Speaker: Associate Professor Julia Powles, Associate Professor of Technology Law & Policy, University of Western Australia.
As governments and companies rush to develop principles for the ethical use of data and AI, with equal alacrity academics and activists lament the focus on 'soft' ethics, at the expense of 'hard' law. But law isn't always hard—in fact, it is often indeterminate, and often with good reason. And ethical principles can be very demanding. But what's the right way to think about the connection between morality and law? And how do either relate to the realities of politics, and power? Philosophy can help make sense of these questions. In this co-learning class, I'll be soliciting people's views on how the morality, law and politics of data and AI interact in their daily practice, and offering insights from philosophy on how to make sense of the subtle connections between these different sources of normativity—each of them irreducible to the others.
Speaker: Associate Professor Seth Lazar, Head, School of Philosophy. Project Lead, Humanising Machine Intelligence Grand Challenge, Australian National University.
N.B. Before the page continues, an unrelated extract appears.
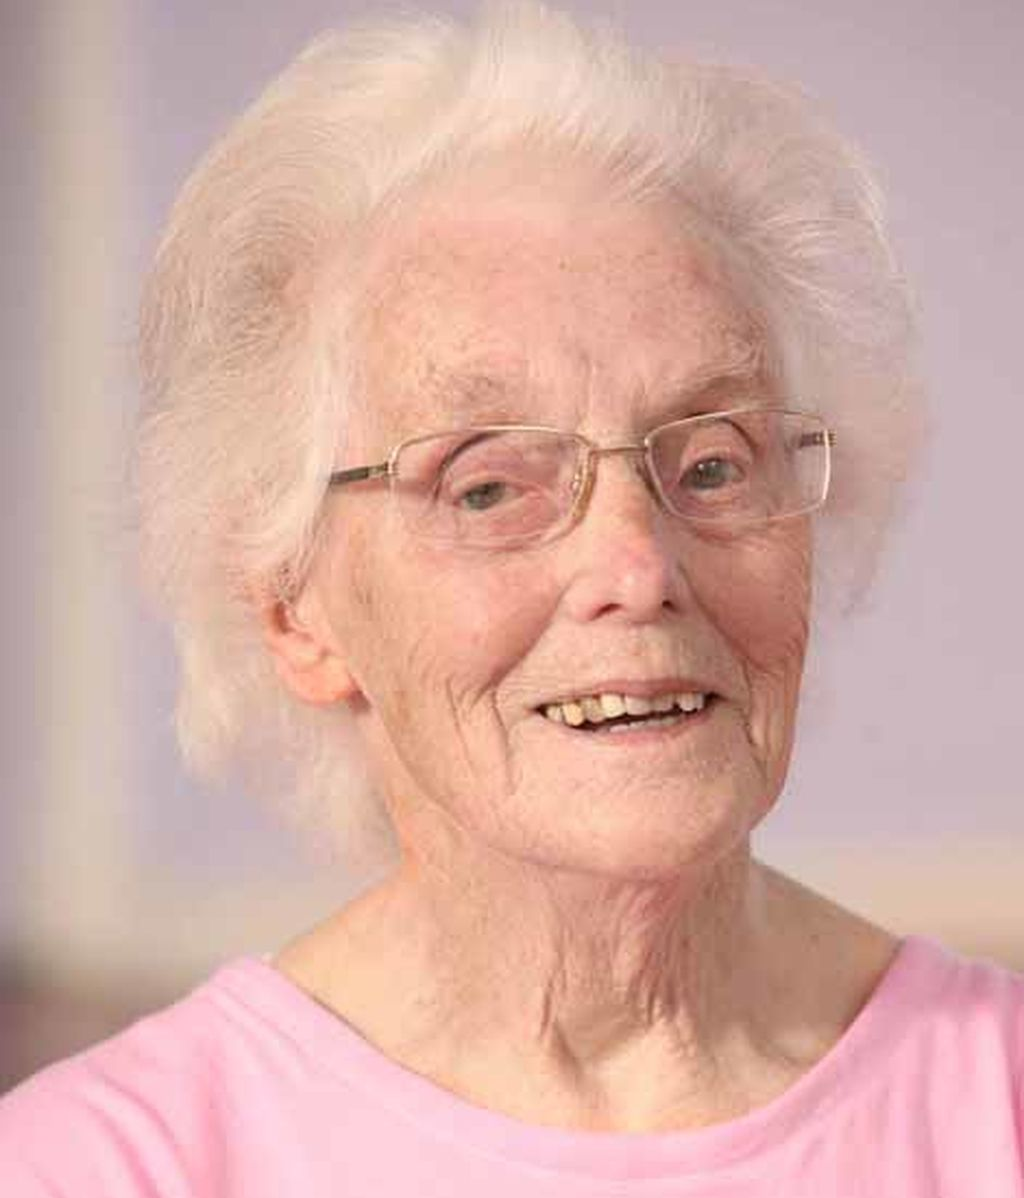 Una mujer con 98 años está completamente sana gracias a las clases de yoga

Researchers interested in employing large data sets are typically given broad access and trusted to operate honourably - an approach that has proven manifestly inadequate (c.f. Cambridge Analytica). In this class, we will introduce the Private data analysis language which allows researchers to analyse data without having access to the data. Private is a probabilistic declarative language based on Python and BUGS which blocks from release any results that are sensitive to the data provided by any given individual. We will also argue that users/participants/citizens should retain ownership of and derive ongoing benefit from their data and introduce the Unforgettable data marketplace, as an example of how this can be achieved.
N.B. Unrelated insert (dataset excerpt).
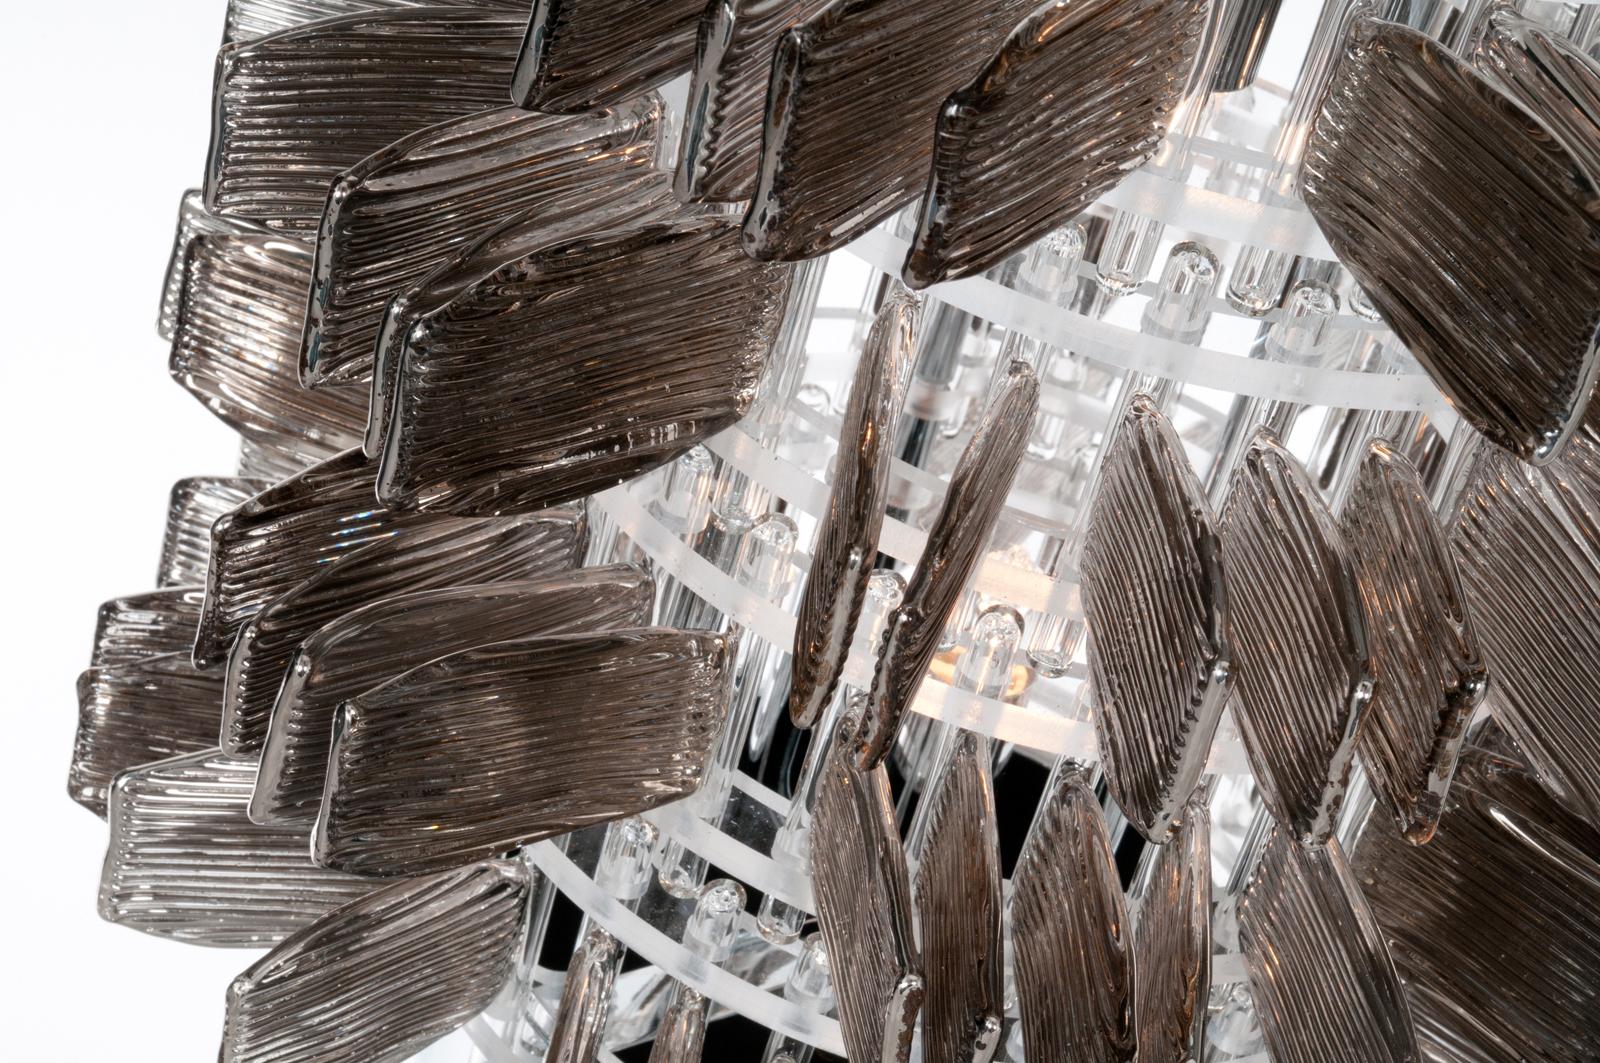 anemone-56-table-chrome-platine-platinium-veronese-maurizio-galante-tal-lancman-51.jpg

Speaker: Professor Simon Dennis, The University of Melbourne.
This master class will discuss the challenges inherent in designing algorithms to be fair and non-discriminatory from a computer-science perspective. We will describe current approaches to formalising fairness in the machine learning literature, explain what these metrics do and do not capture, and how they can be implemented. Finally, we will place algorithmic fairness in the wider context of Australian anti-discrimination law and algorithmic transparency. The tutorial will focus on concepts and practical algorithms, and is intended for a multidisciplinary audience.
Speakers: Dr Finn Latimore, Principal Researcher, The Gradient Institute and Dr Lachlan McCalman, Chief Practitioner, The Gradient Institute.